### [Task requirements]
Excluding images, repeat the data exactly as given.

### [Data]

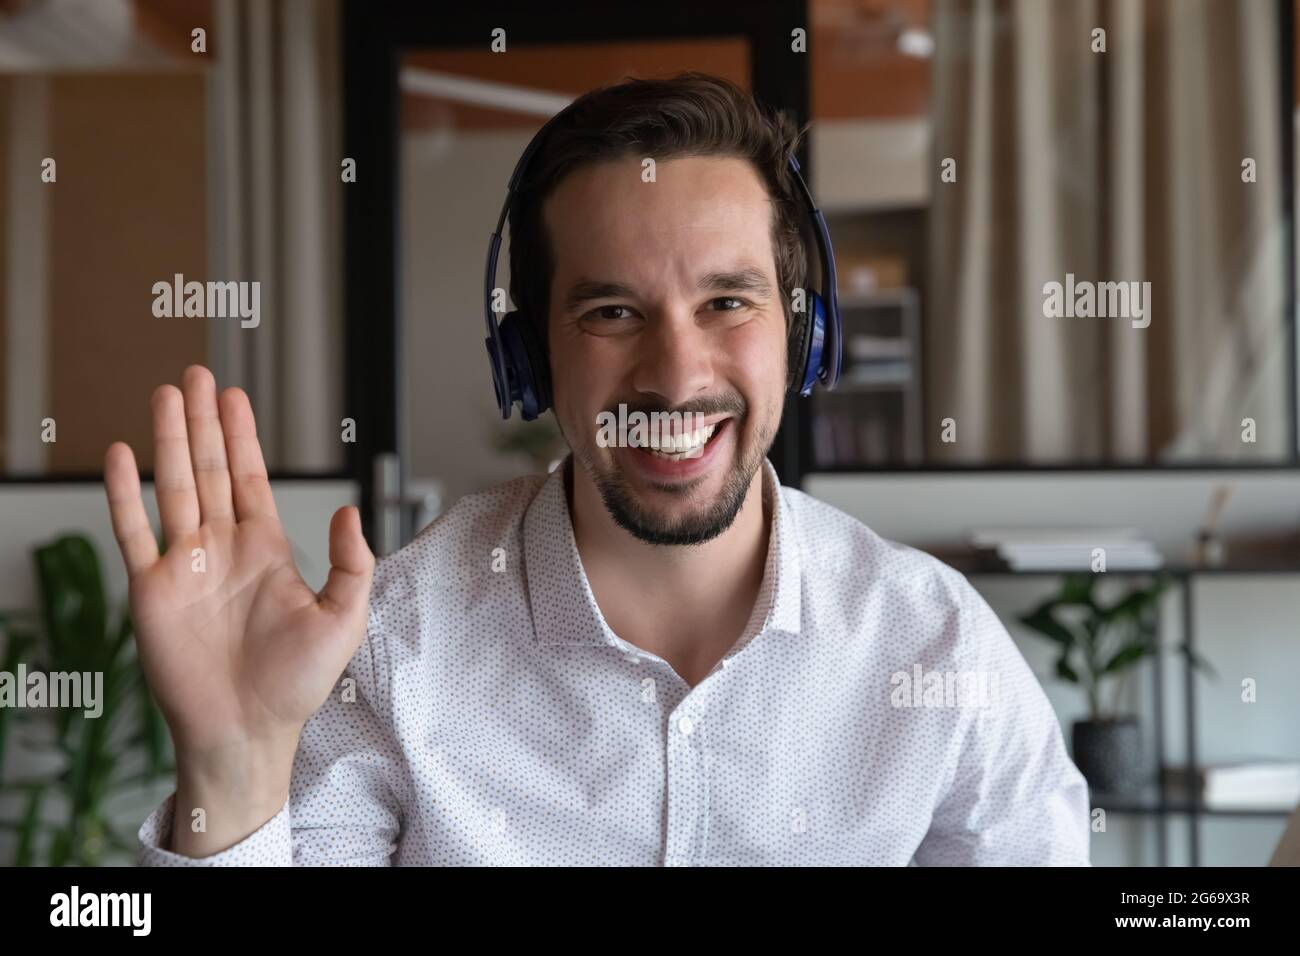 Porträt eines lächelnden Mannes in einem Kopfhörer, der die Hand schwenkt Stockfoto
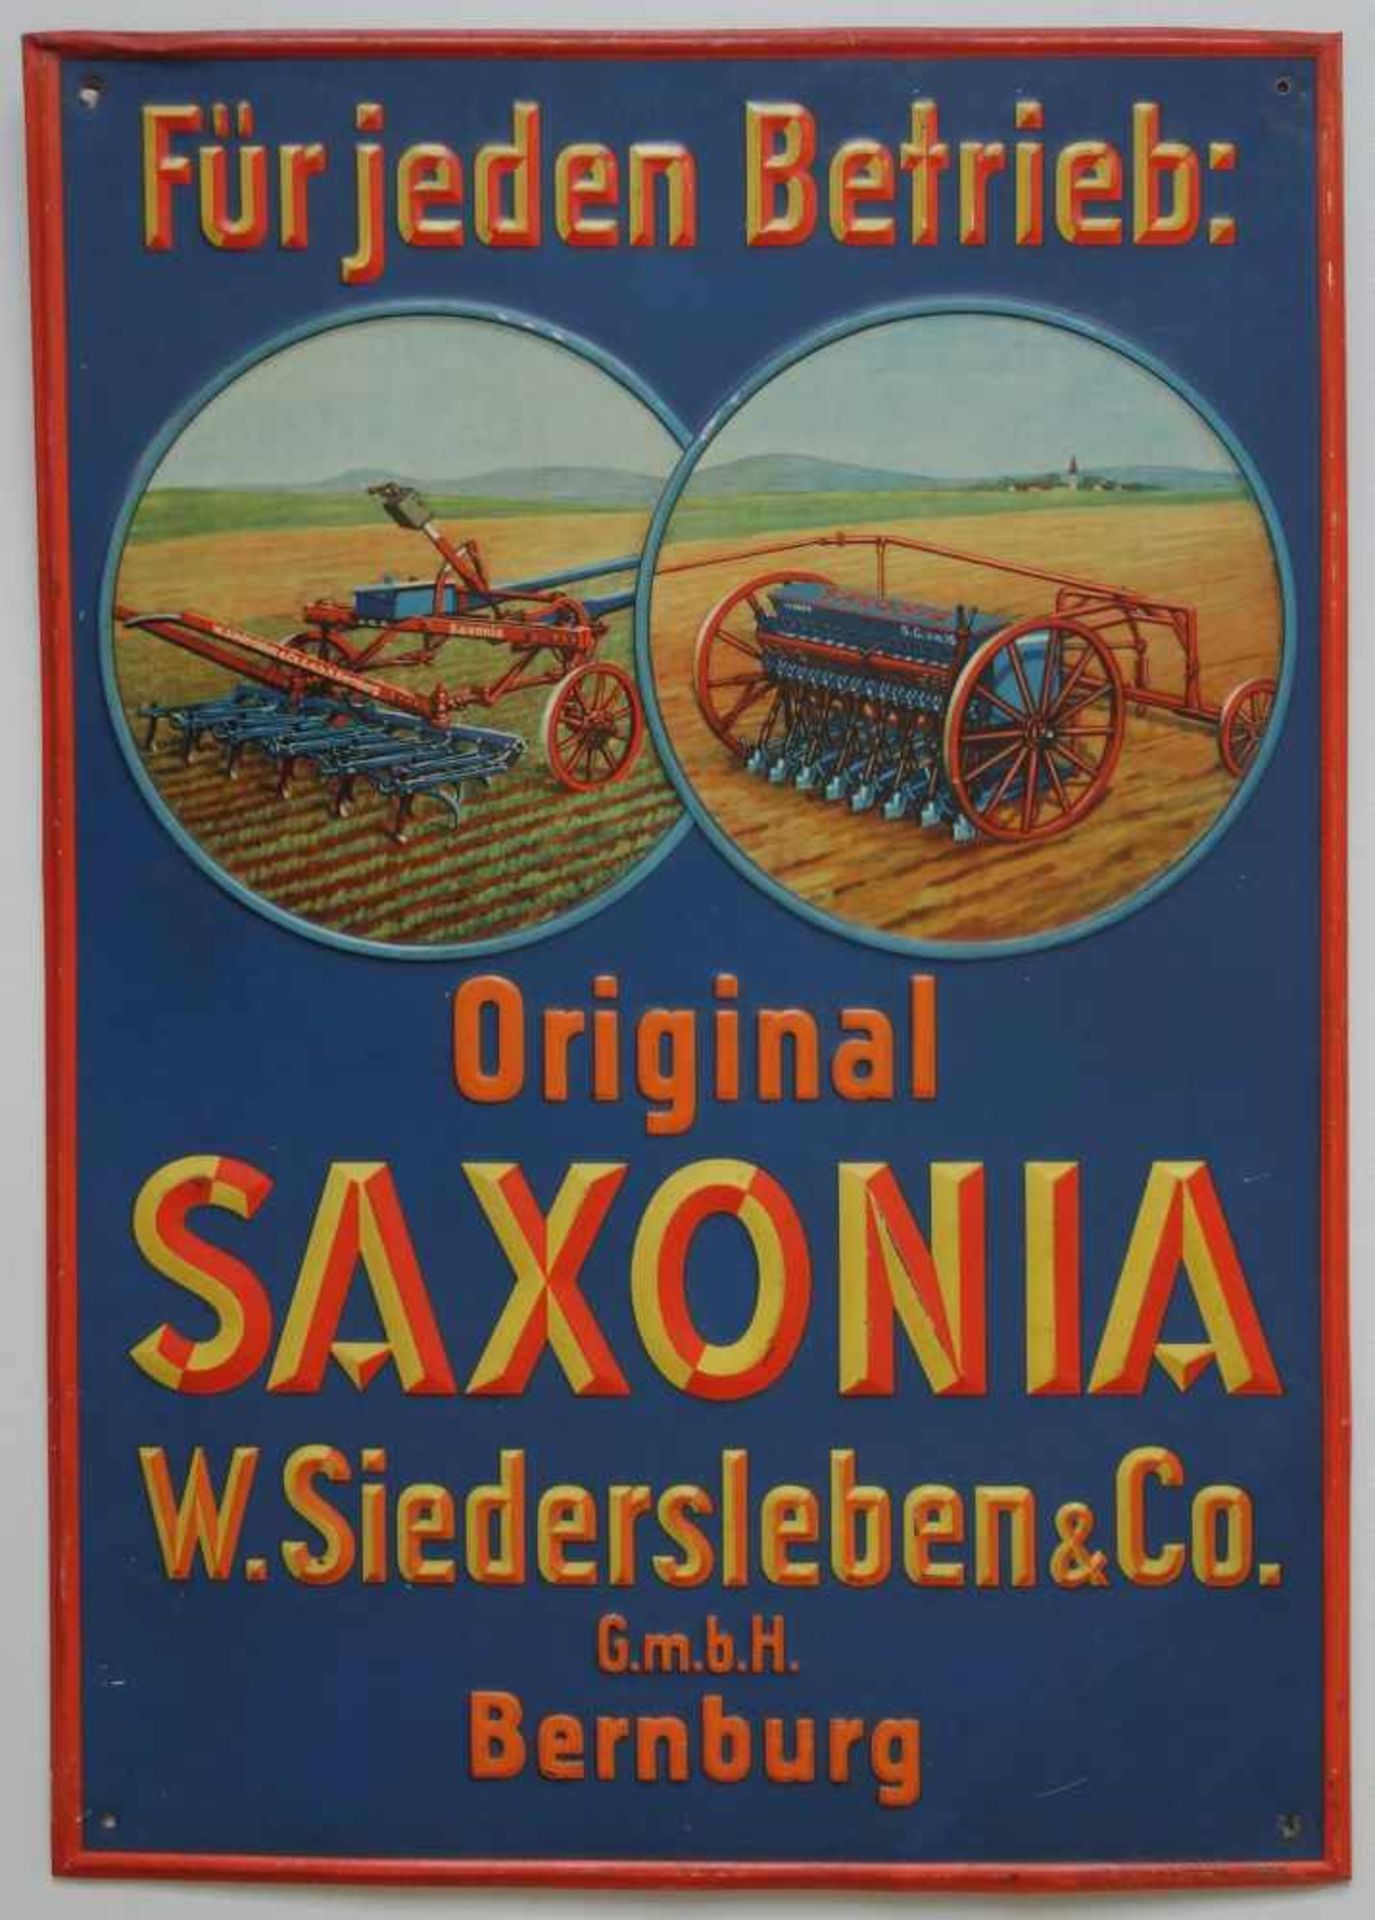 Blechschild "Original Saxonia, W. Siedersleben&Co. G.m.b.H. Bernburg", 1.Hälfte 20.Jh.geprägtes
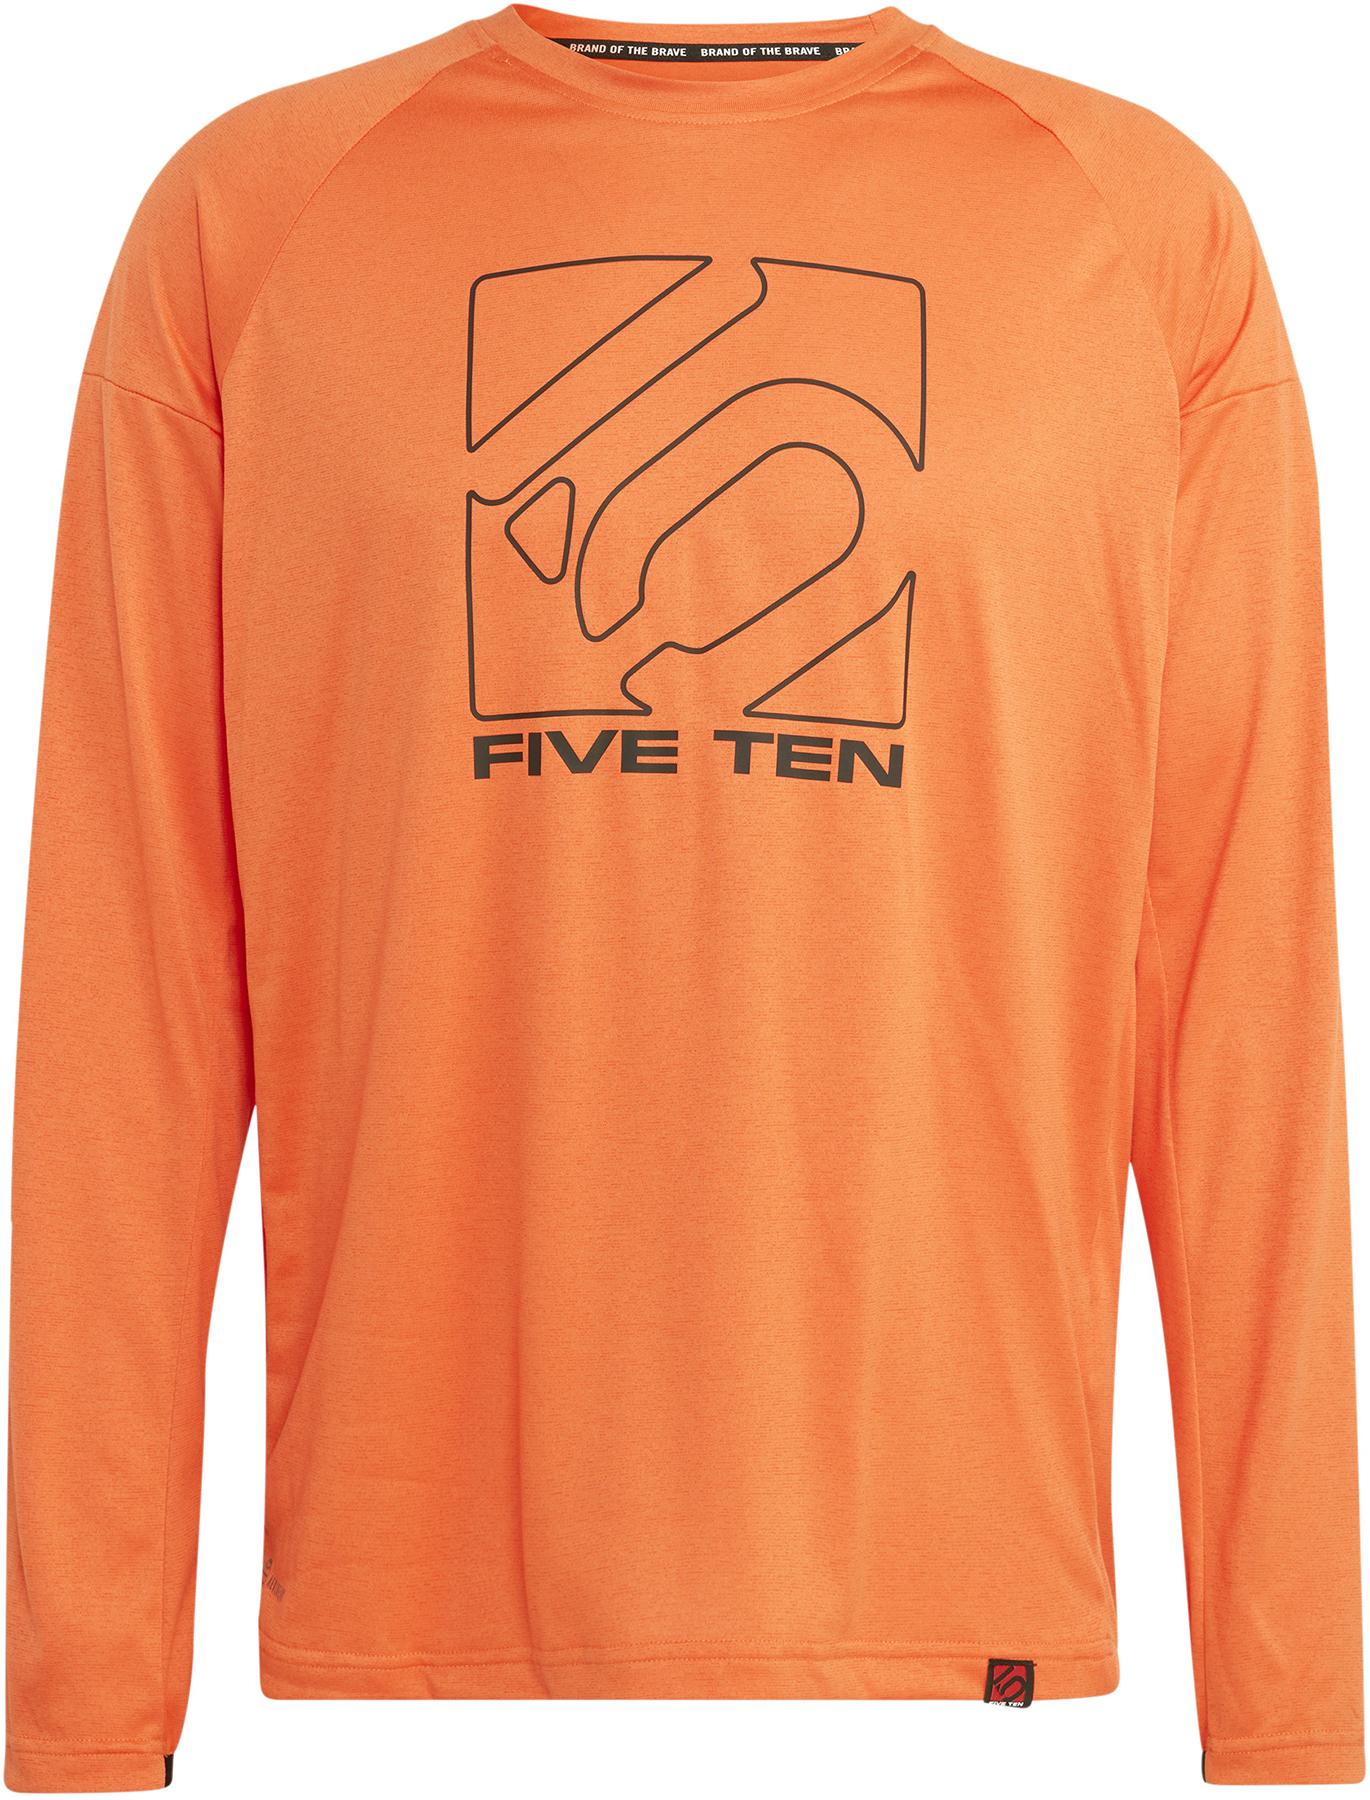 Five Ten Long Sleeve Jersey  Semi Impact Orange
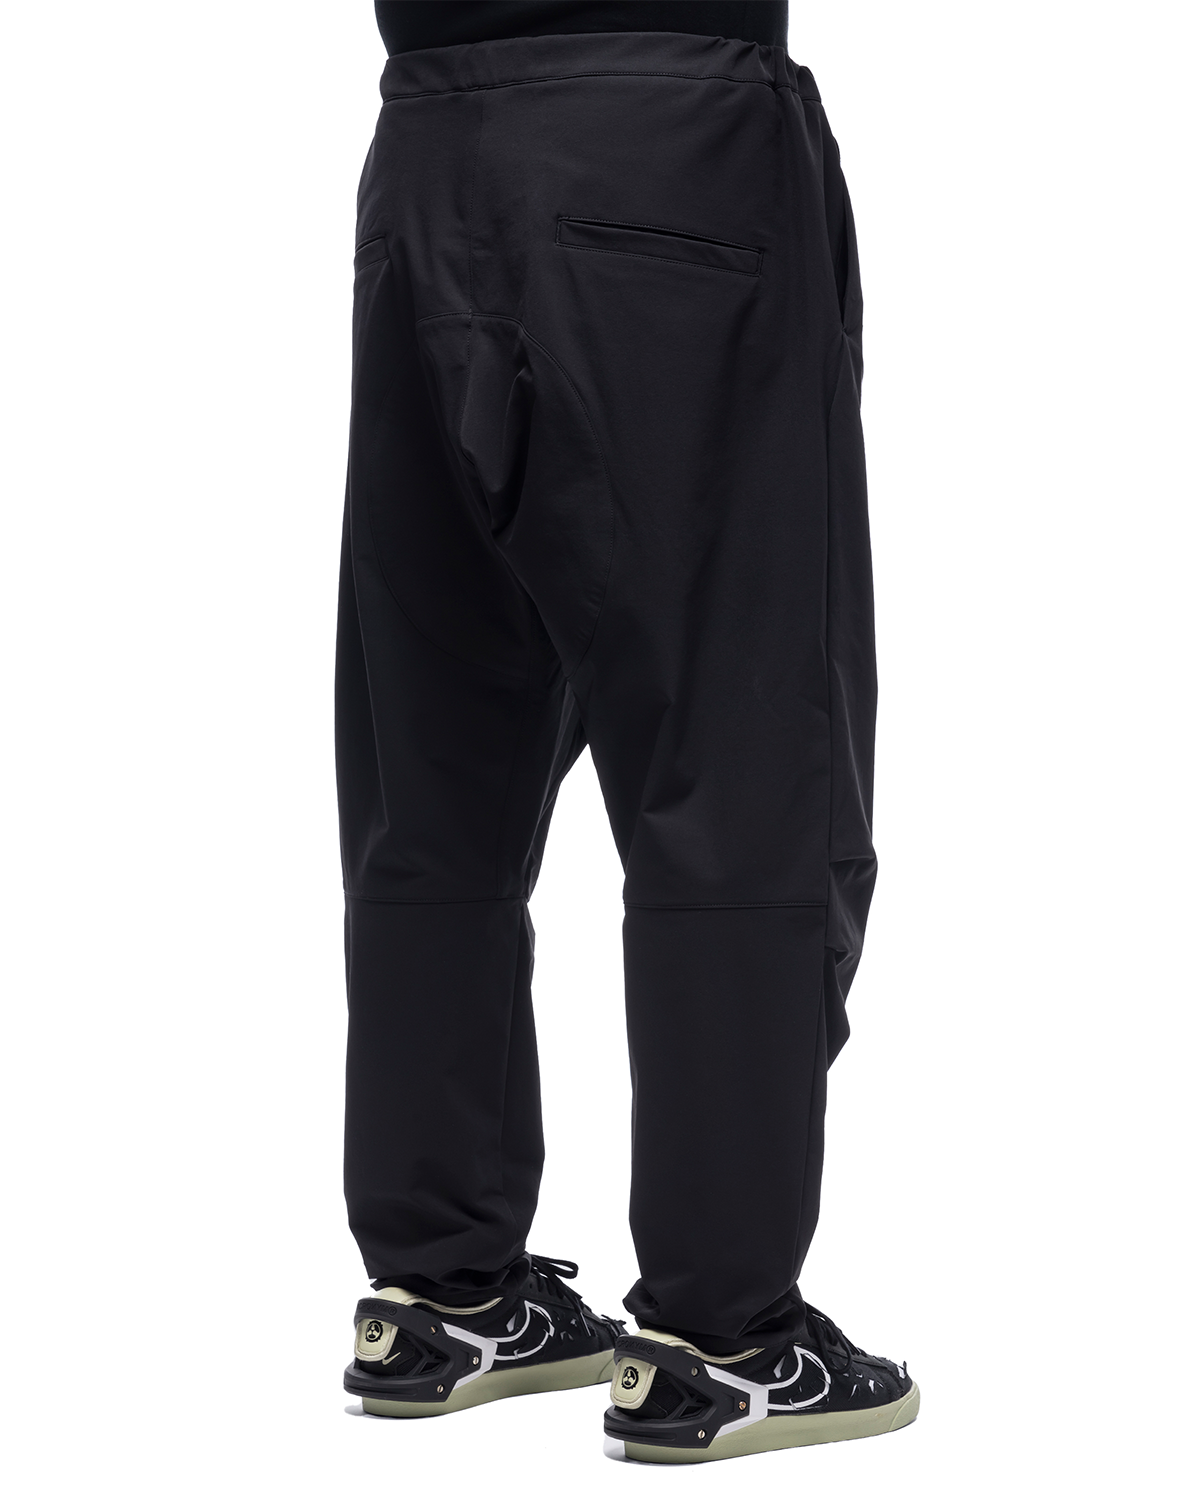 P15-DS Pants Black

### [Exercise output]
 Porträt eines lächelnden Mannes in einem Kopfhörer, der die Hand schwenkt Stockfoto
 Blechschild "Original Saxonia, W. Siedersleben&Co. G.m.b.H. Bernburg", 1.Hälfte 20.Jh.geprägtes
 Five Ten Long Sleeve Jersey  Semi Impact Orange
 P15-DS Pants Black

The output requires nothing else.